The individuals hunting the Dracula are occasionally rendered helpless by their blind devotion to science. In regard to the vampire hunters, Byron writes that science and modernity are essentially the “source of their helplessness and confusion in the face of supernatural forces” (49). What is meant by this statement is that although the hunters are after a mysterious killer, they cannot think subjectively simply because of their subscription to rationality and science. If something cannot be explained scientifically or rationally, then it is out rightly dismissed and is not given much attention. Therefore, when the people hunting Count Dracula come across supernatural forces, they are helpless and confused. This only accentuates the futility of their hunt for the mysterious Dracula.
In simple terms, Dracula poses a challenge to reason and science in multiple fronts (Helsabeck and Hinkleman, 3). “He is a supernatural being with magical powers, represents old powers and old ways, and survives attempts on his life with every scientific and technological means available” (Helsabeck and Hinkleman, 3). This is a further depiction of the people’s blind devotion to modernity and their failure to realize that it cannot explain everything or even counter everything. In fact, as Helsabeck and Hinkleman put it, it is only after the protagonists in the novel result to primitive technologies that they are able to defeat Count Dracula.
Dracula is a brilliant piece of literature authored in the late 19th Century that exhibits the clash between science/modernity vs. superstition and traditional beliefs. The main protagonist in the novel, Count Dracula is hunted by the protagonists who because of their blind obsession and devotion to science and modernity are unable to think subjectively and are therefore not able to come up with effective strategies for capturing the vampiric Dracula. The embracement of modernity and technology and the abandonment of superstitions and old beliefs enables the Count to thrive in Victorian London. In other words, the blindness of the society to modernity and science and its denial of the ‘existence of the supernatural” creates an environment that fosters the continued survival of Count Dracula and as a result, he continues to wreak havoc on the people of England.

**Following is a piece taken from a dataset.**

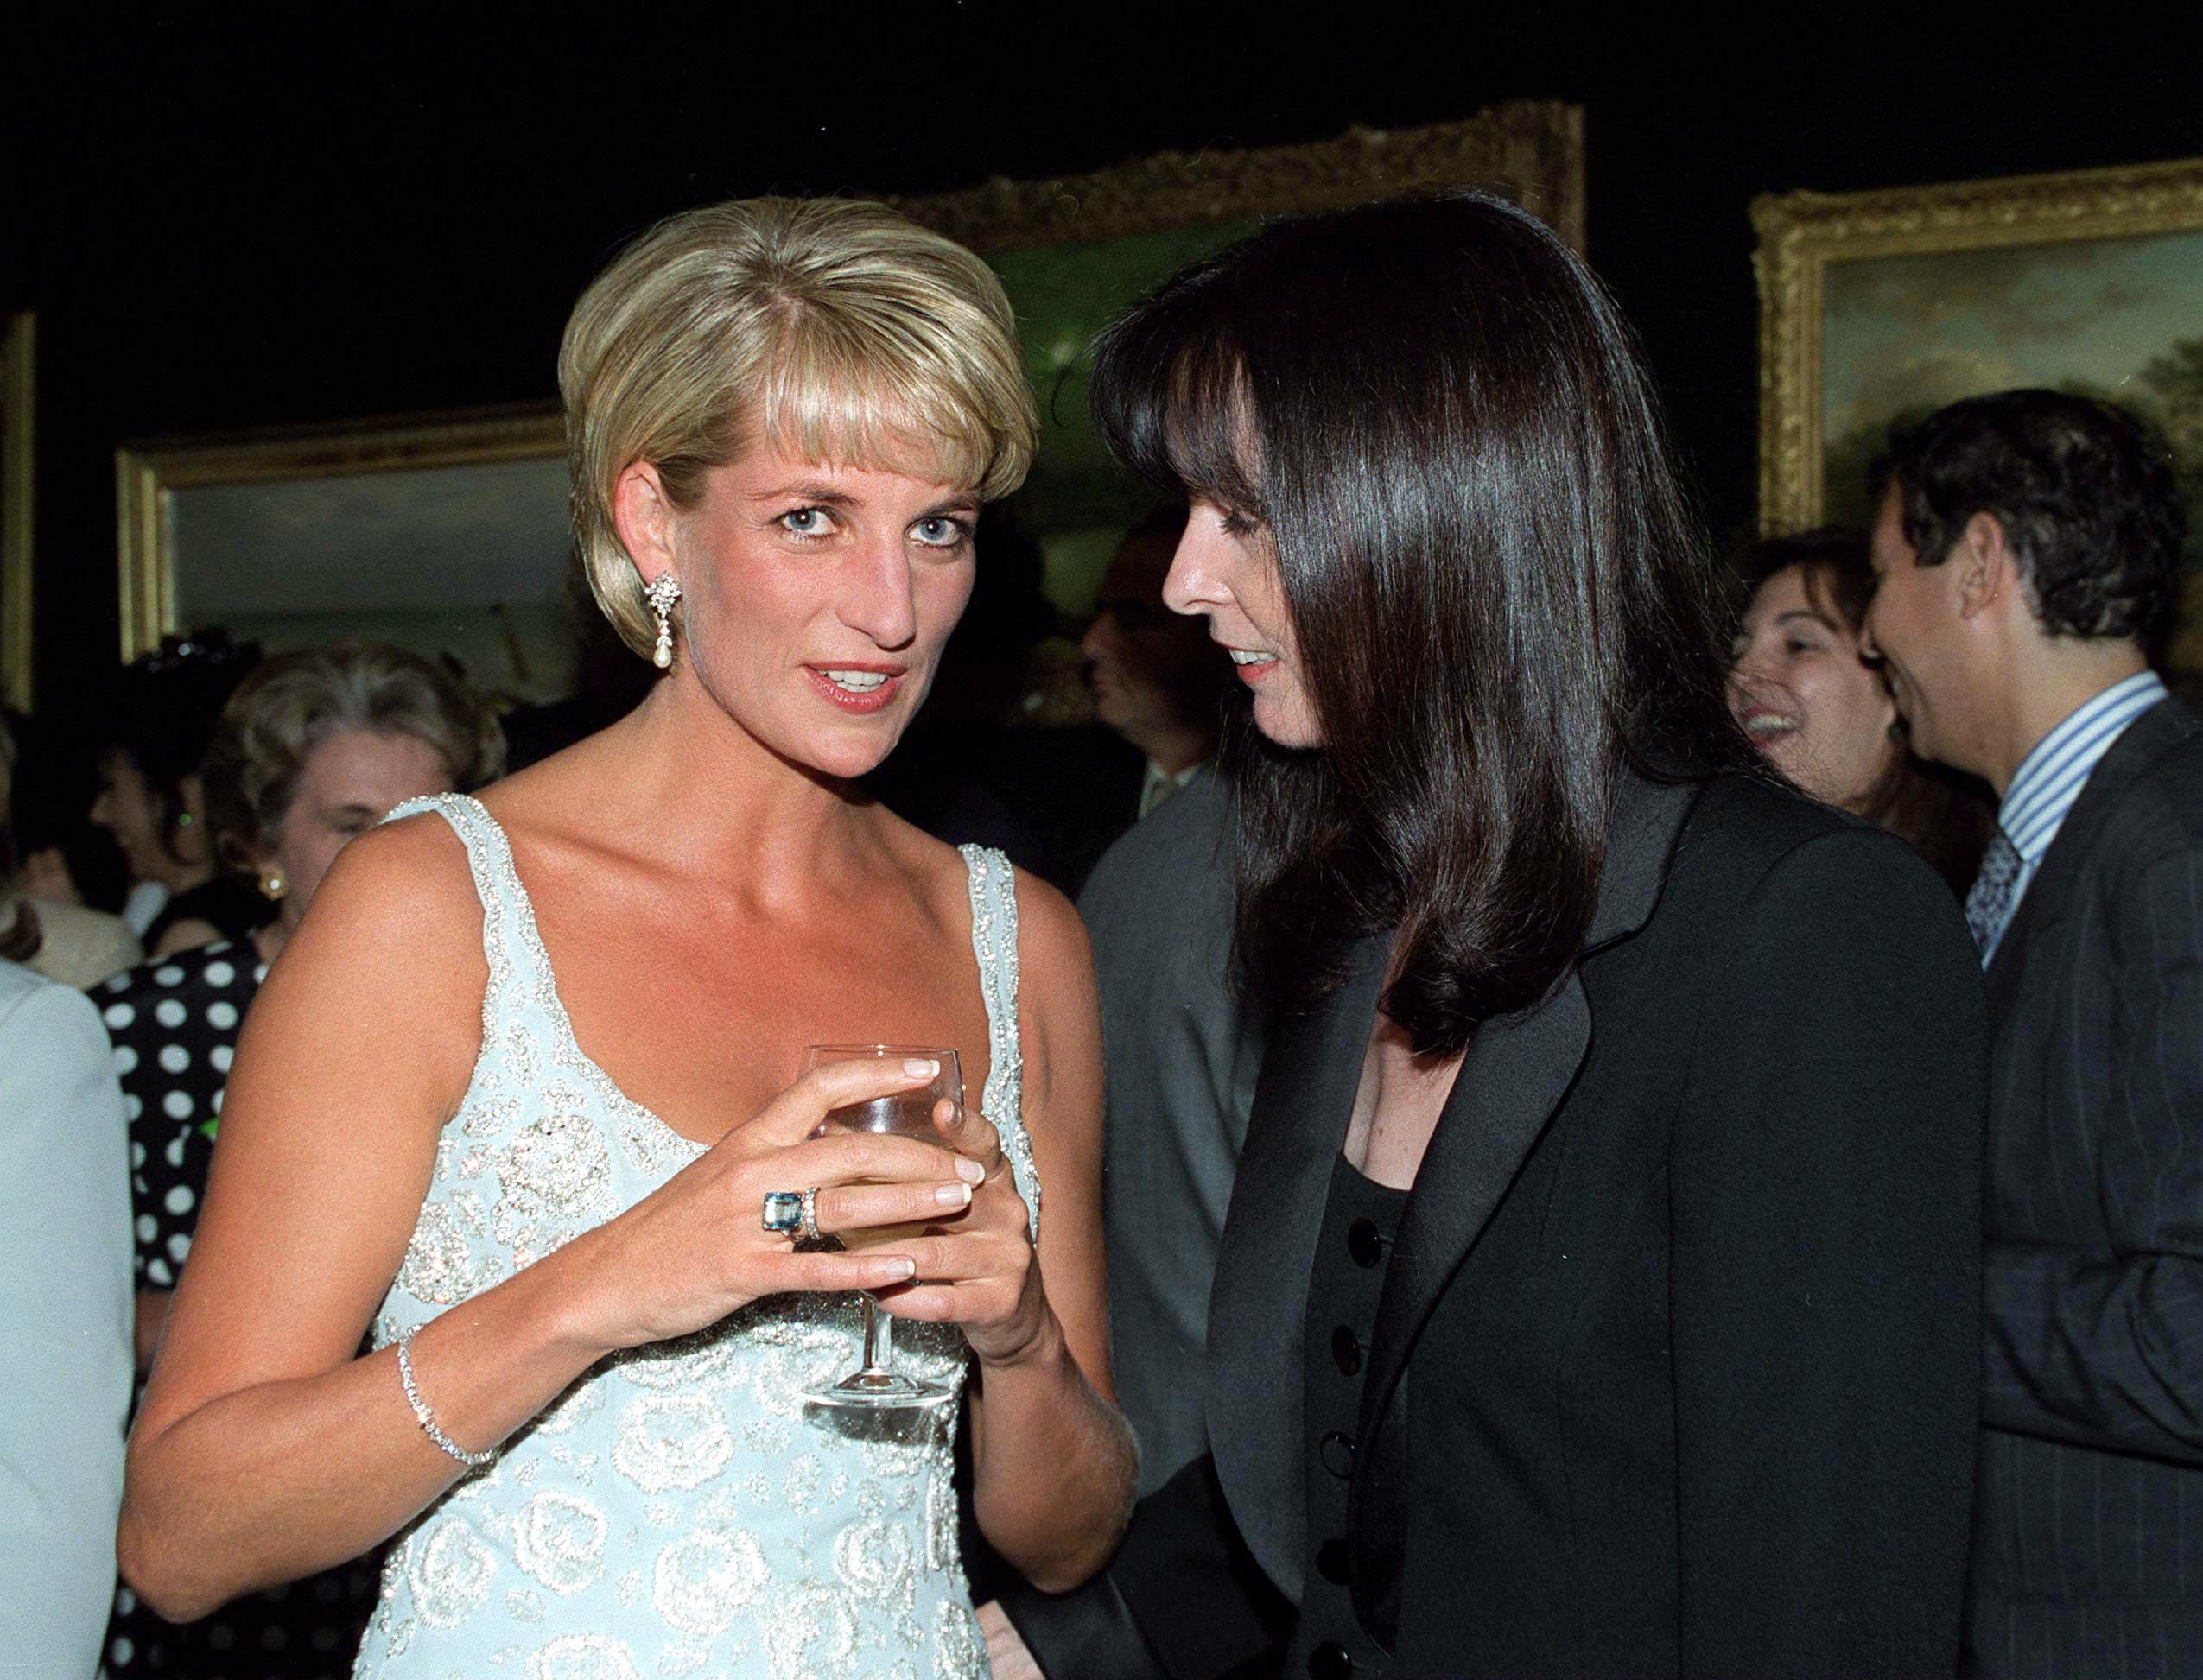 Princess Diana and her dress designer friend Catherine Walker at a private viewing and reception on June 2, 1997 | Source: Getty Images
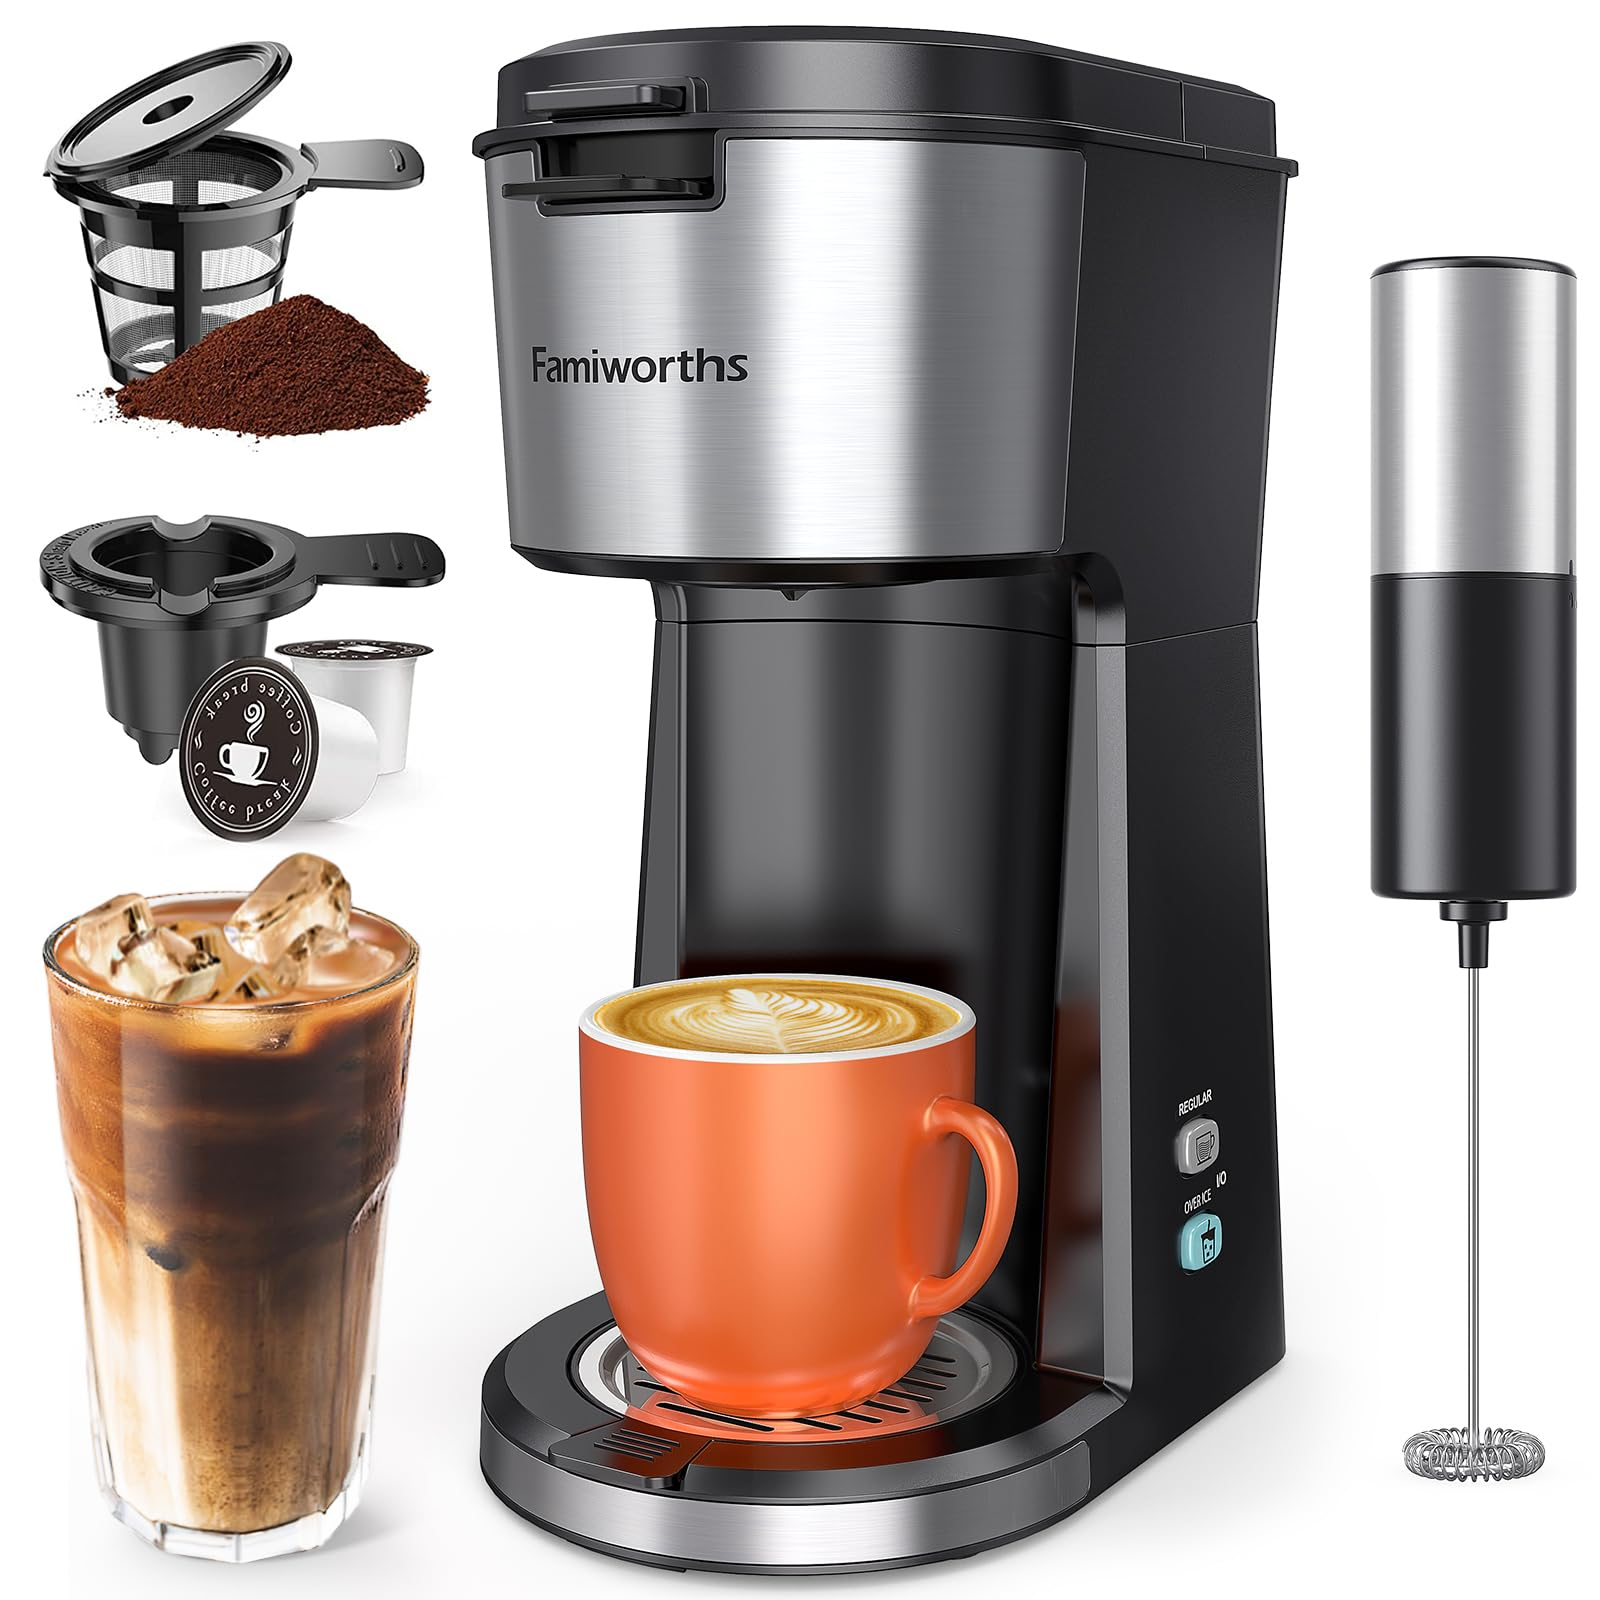 Famiworths Iced Coffee Maker with Milk Frother

Byron, Glennis. "Bram Stoker's Gothic and the Resources of Science." Critical Survey (2007): 48-62.
Helsabeck, Keith Hinkleman. ”Chasing After Monsters with a Butterfly Net:" The Victorian Approach to Vampires in Stoker's" Dracula". ProQuest, 2008.
Jann, Rosemary. “Saved by Science? The Mixed Messages of Stoker's Dracula” Texas Studies in Literature and Language 31 (1989): 273-287.
Johnson, Allan. "Modernity and Anxiety in Bram Stoker’s Dracula."
Saunders, Paul. "Yeats, Stoker, and “English” Modernity: Reading Dracula as a Response to the Irish Revival and the Threat of “Irrational” Violence."